世の中の出来事やそれに対する世間の反応に自分がイラつき、過剰に憤りを感じるだけで、それを解決する方法を具体的に考えたことはなかった。
野暮な表現だけど何度も何度も膝を打ちながら、読み進めていった。
この本に書いていることをすごく乱暴に表すと、

読解力を身につけるだけでなく、文章力も身につけよう

となる。
これだと小学生がまず最初に学ぶことと何ら変わらないけれど、侮ることは出来ない。
今まで自分の子供達には勉強以前に「本を読め!読解力を身につけろ!」と口を酸っぱくして言ってきたけれど、それだけでは片手落ちだったのだ。
情報を発信することができる全ての世代で読解力・文章力が低下していることは、一億総発信者時代においては致命的で深刻な問題だ。
僕はかなりの部分で共感できたし、積極的に彼のアイデアを実践してみようと思った(この投稿もある種の実践だ)。
少なくともこの本で書かれているアイデアが拡がり、実践されることで、将来的に世の中の混乱の一部を未然に回避することはできるはずだ。

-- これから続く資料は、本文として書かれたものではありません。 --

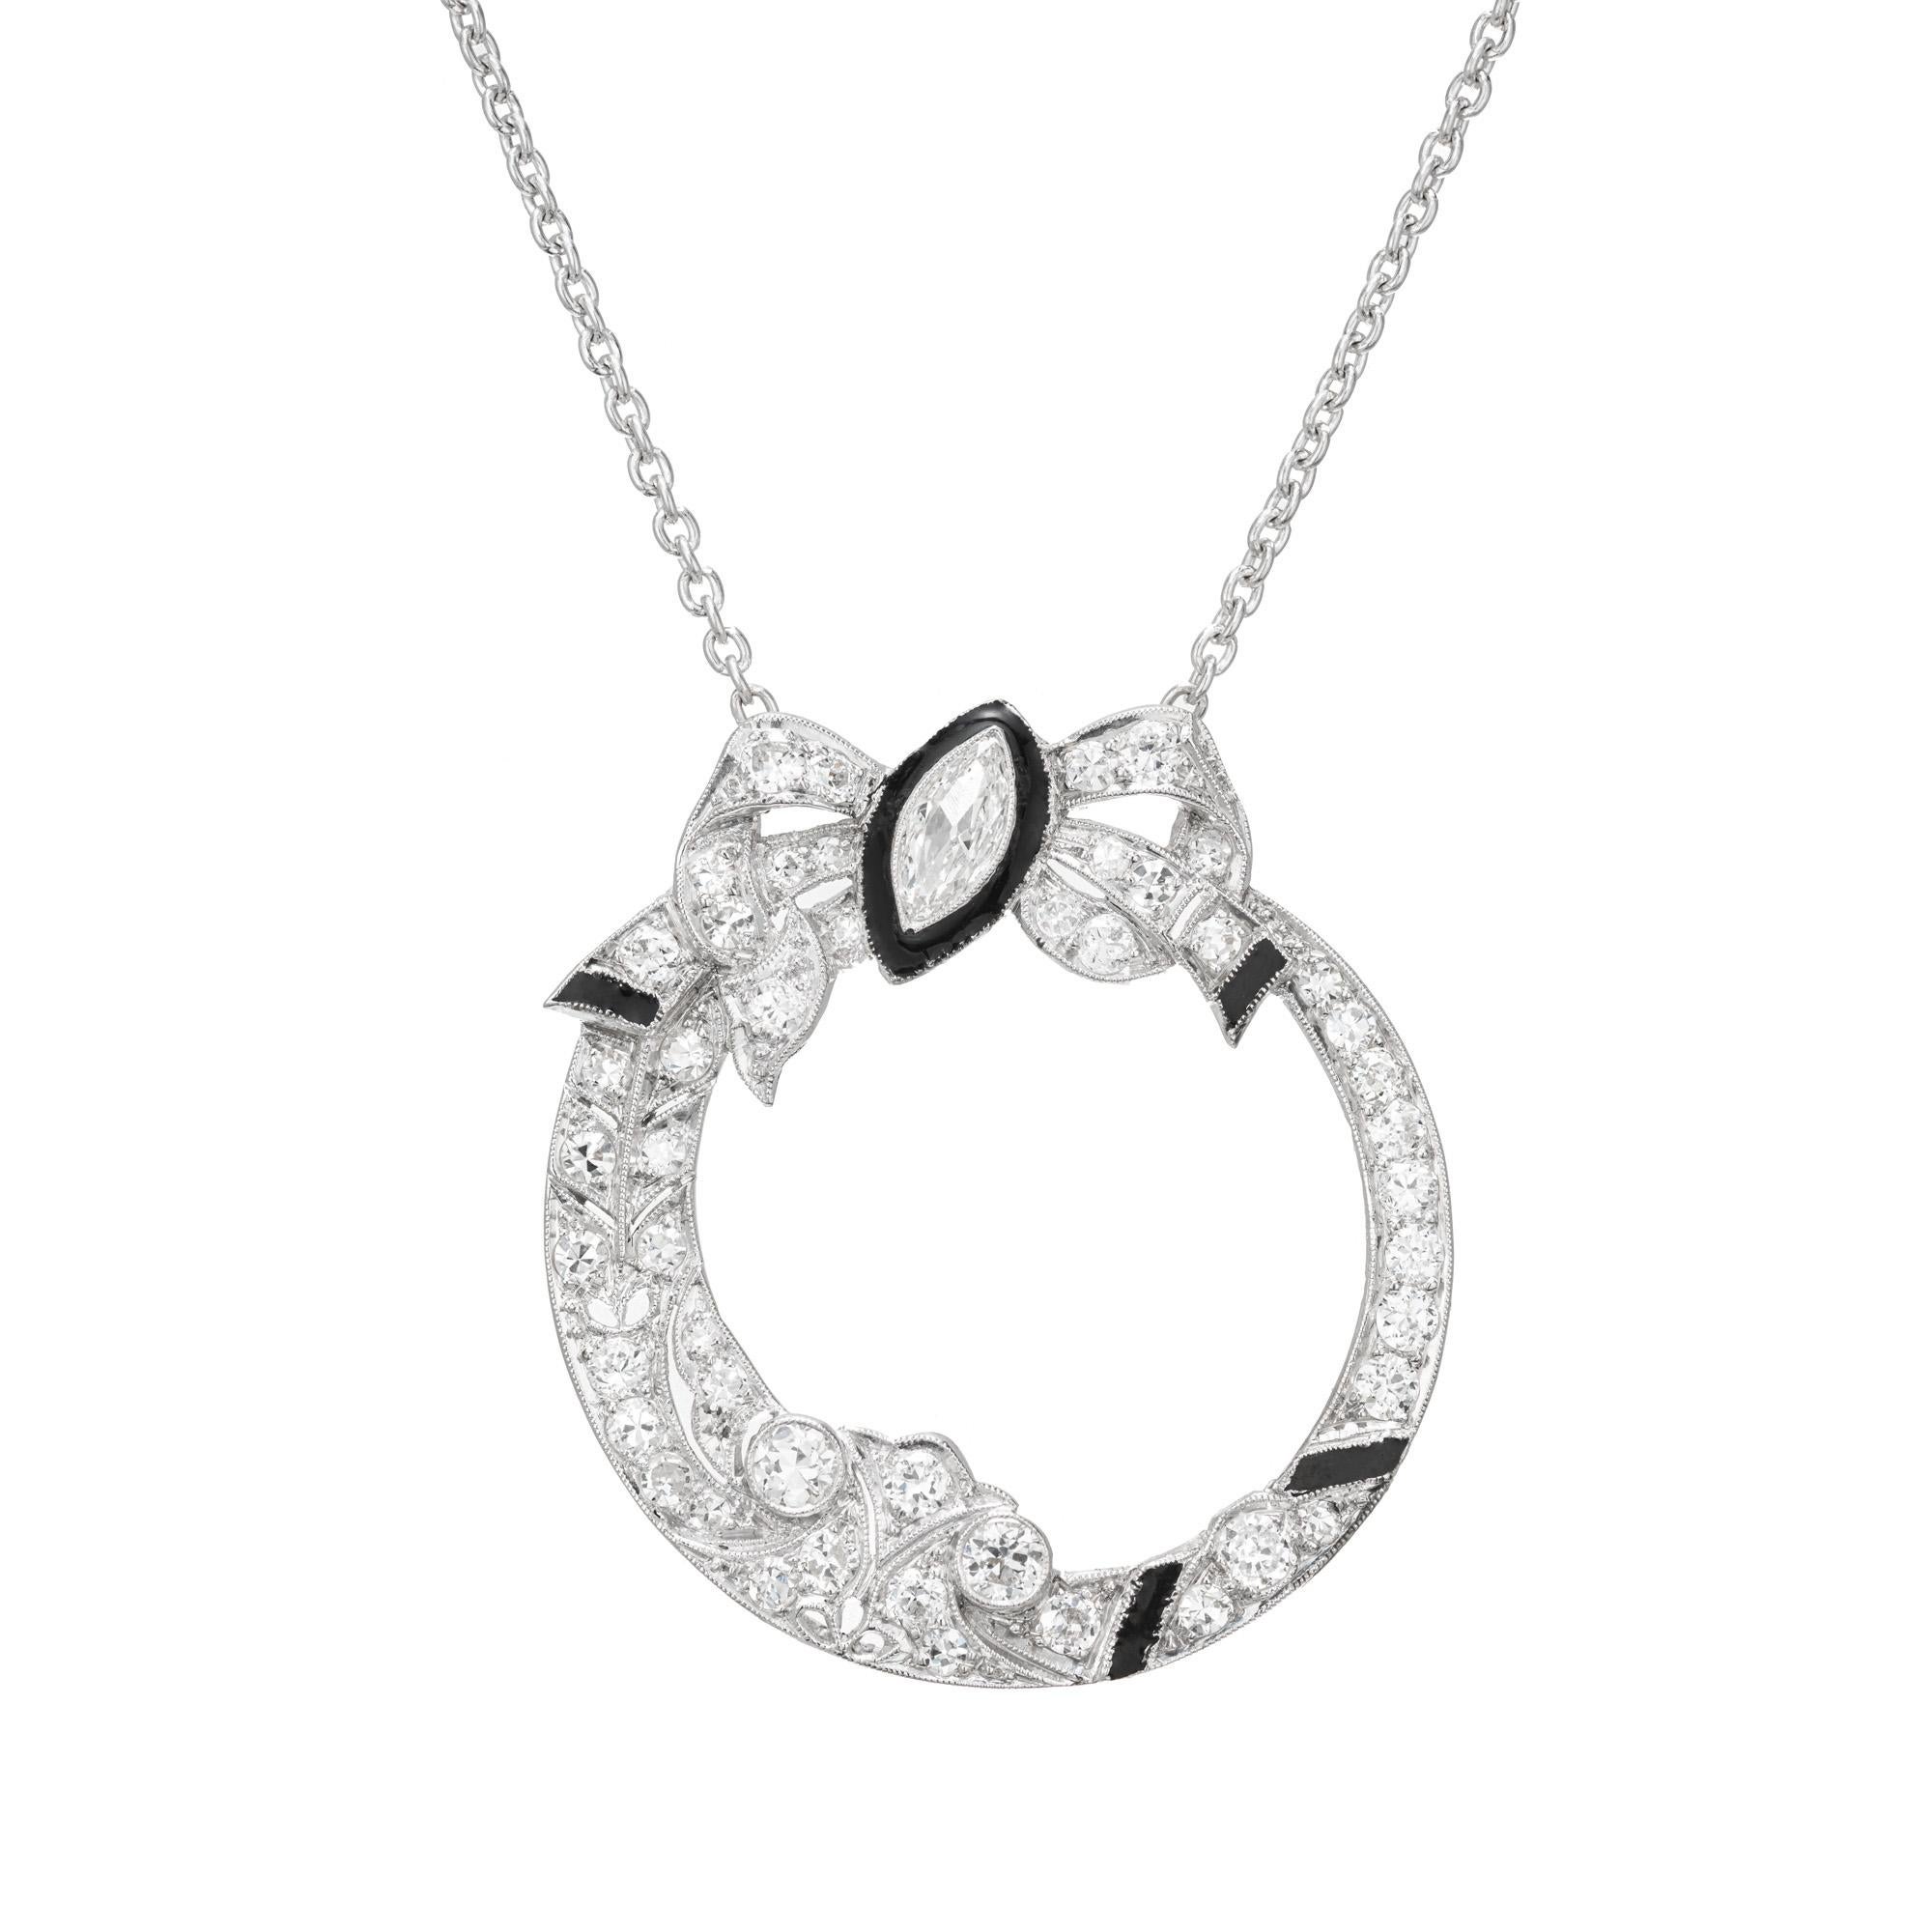 Bow style Diamond and enamel platinum and white gold pendant necklace. 1 Marquise diamond with a black enamel halo with 48 old European cut accent diamonds.  Platinum solid top with a 14k white gold back. Platinum 16 inch chain and spring ring.

Slow Down & Buck the Trend

「速さ」を求めるのが世の常で、大多数がそれを正解と信じて疑わないこの世の中で、「遅さ」を求め、実践していくのは完全に時代の流れに逆行している。
でもいつの時代も、甘い果実を獲得しているのは、流れに逆らう勇気を持ち、それを実践している人達だ。
そう、今こそ「逆張り」の時なのだ。

"buck the trend"
to be obviously different from the way that a situation is developing generally, especially in connection with financial matters
- Cambridge Dictionary-

私的編集後記-Self-Editorial Note

著者の宇野さんのことは、Newspicksのインタビュー記事などで読んでいたし、知っていたけれど、著作を読んだのは今回が初めてだ。読み終わった後、出演した番組を視聴したことはなかったので、彼が主宰を務める「遅いインターネット」のサイトを覗き、いくつかの動画を視聴した。正直にいうと、かなりクセが強いし、万人受けするタイプの論客ではないと感じた。この本の最後に書かれている謝辞の一説がなければ、いつもの僕なら敬遠するタイプの人物だったかもしれない。

そして箕輪とは付き合うなと僕に忠告する人たちは多いけれど、彼が僕に誰かと付き合うなと言ったことは一回もない。この一点を持ってして僕は箕輪を支持する。というか、有り体に言えば、僕は彼が好きだ。
(p.213 [付記と謝辞]より)

僕は宇野常寛を支持する。そして彼が好きになった。